Дьюи посетил Россию в 1928 году. Темный, пустынный Ленинград Дьюи не понравился, он вообще не нравился американцам. Философ нашел некоторый смысл в том, как переименован этот «декадентский, находящийся в упадке город»: «Вероятно, царь Петр действительно был первым большевиком […] а Ленин его наследник и последователь»[437]
. Он увидел «основной факт революции» в том, что она была «психической или моральной, скорее чем политической и экономической». Впрочем, добавляет Дьюи, только такое изменение и достойно называться революцией. Что до экономического состояния, то оно, на первый взгляд, мало отличалось от любой из европейских стран, только что вышедших из войны. Деньги находятся в обращении, поэтому, рассуждает Дьюи, коммунизма здесь нет, но есть переходное состояние. Революция добилась успеха, коммунизм нет, обобщает философ. Переехав в Москву, он почувствовал себя лучше. «То, о чем только шепотом говорится в Ленинграде, громко звучит в Москве; уход от разговора сменяется гостеприимным обсуждением»[438]. Дьюи понимает европейцев, которые приезжают в большевистскую Россию и сожалеют о ее «американизации», но сам гордится успехом собственных методов в чужой стране. Он не устает формулировать свой тезис: «самый простой и полезный способ увидеть то, что происходит в России, — увидеть здесь огромный психологический эксперимент по трансформации мотивов, которые руководят человеческим поведением»[439]. Психология в таком масштабе называется религией; и Дьюи формулирует с увлечением:Я слишком тесно ассоциировал идею Советского коммунизма как религии с интеллектуальной теологией, с марксистскими догмами […] и не видел ее связи с живыми человеческими надеждами и страстями.

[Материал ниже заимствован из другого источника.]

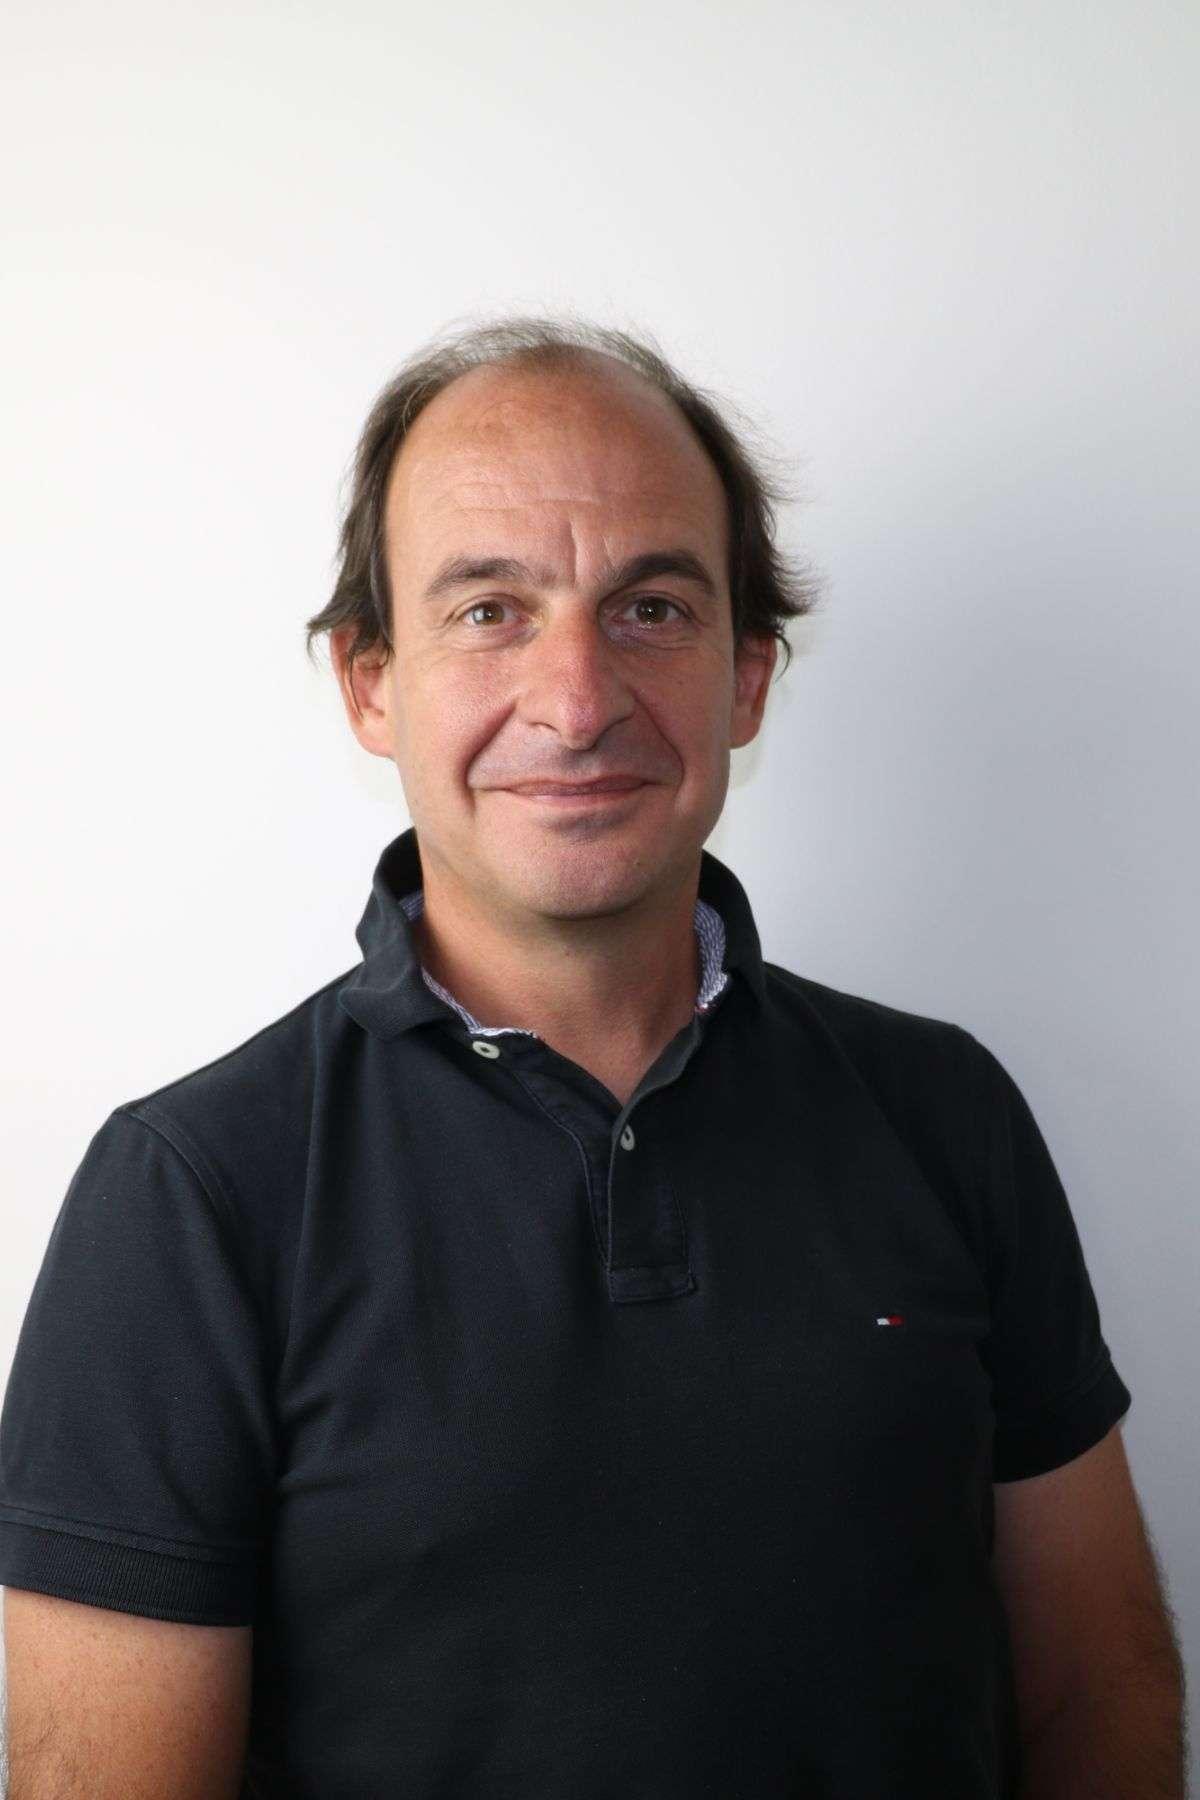 Prof. Dr. med. Jean-Marc Vuissoz

По сути, я впервые получил представление о том, какими были движущие силы и дух примитивного христианства[440]
.В результате Дьюи признавался в «некоторой зависти» в отношении своих советских партнеров: ведь у них есть «объединяющая религиозная вера, которая несет за собой такое упрощение и интеграцию жизни». У западных интеллектуалов функция преимущественно критическая; их российские коллеги — «органические члены органически растущего движения». Что касается педагогики, то Дьюи рассказывает, что нигде не видел такого количества умных, счастливых и занятых детей. Его друг и ученик Джордж Каунтс в годы Депрессии провел в общей сложности десять месяцев в России, а по возвращении призывал американских учителей брать пример с деятелей Наркомпроса[441]
. Самого Дьюи не оставляло чувство несоответствия между «советской официальной теологией, марксистской доктриной» и «живой религиозной верой в человеческие возможности». Это противоречие, верит он, решится вместе с дальнейшим ростом, но результат вряд ли будет соответствовать коммунистической доктрине. По опубликовании этого очерка Дьюи стали приглашать американские коммунисты, но он отказался от сотрудничества.В 1936 году Дьюи вместе с небольшой группой интеллектуалов и бывших fellow-travelers (среди прочих в нее входили Эдмунд Уилсон, Джон Дос Пассос, Лайонел Триллинг и Макс Истмен) образовал Американский комитет по проверке обвинений против Льва Троцкого. Во главе его он поехал в Мексику, чтобы взять показания у подзащитного. Члены комиссии работали девять месяцев. Кроме Троцкого они разговаривали с его сыном в Париже и одиннадцатью свидетелями в Нью-Йорке. Они были изрядно увлечены происходящим. Один из присутствующих, Джеймс Т. Фаррел, писал другу по окончании работы: «Это спектакль, редкий в истории. Вообрази Робеспьера или Кромвеля при сходных обстоятельствах. Но это еще интереснее, потому что ни Кромвель, ни Робеспьер не обладали интеллектуальной широтой Троцкого». Сам Дьюи писал Истмену из Мексики: «это самый интересный интеллектуальный опыт моей жизни»[442]
. Ему было 78 лет.Книга документов, составленная Комитетом, занимает четыреста страниц. Признания подсудимых включали в себя «невероятные суждения несообразного содержания», и комиссия Дьюи не верила им независимо от того, «какие средства были использованы для того, чтобы получить их»[443]
. Эта работа была единственной попыткой современников проверить самый громкий, и самый кровавый, из судебных процессов столетия.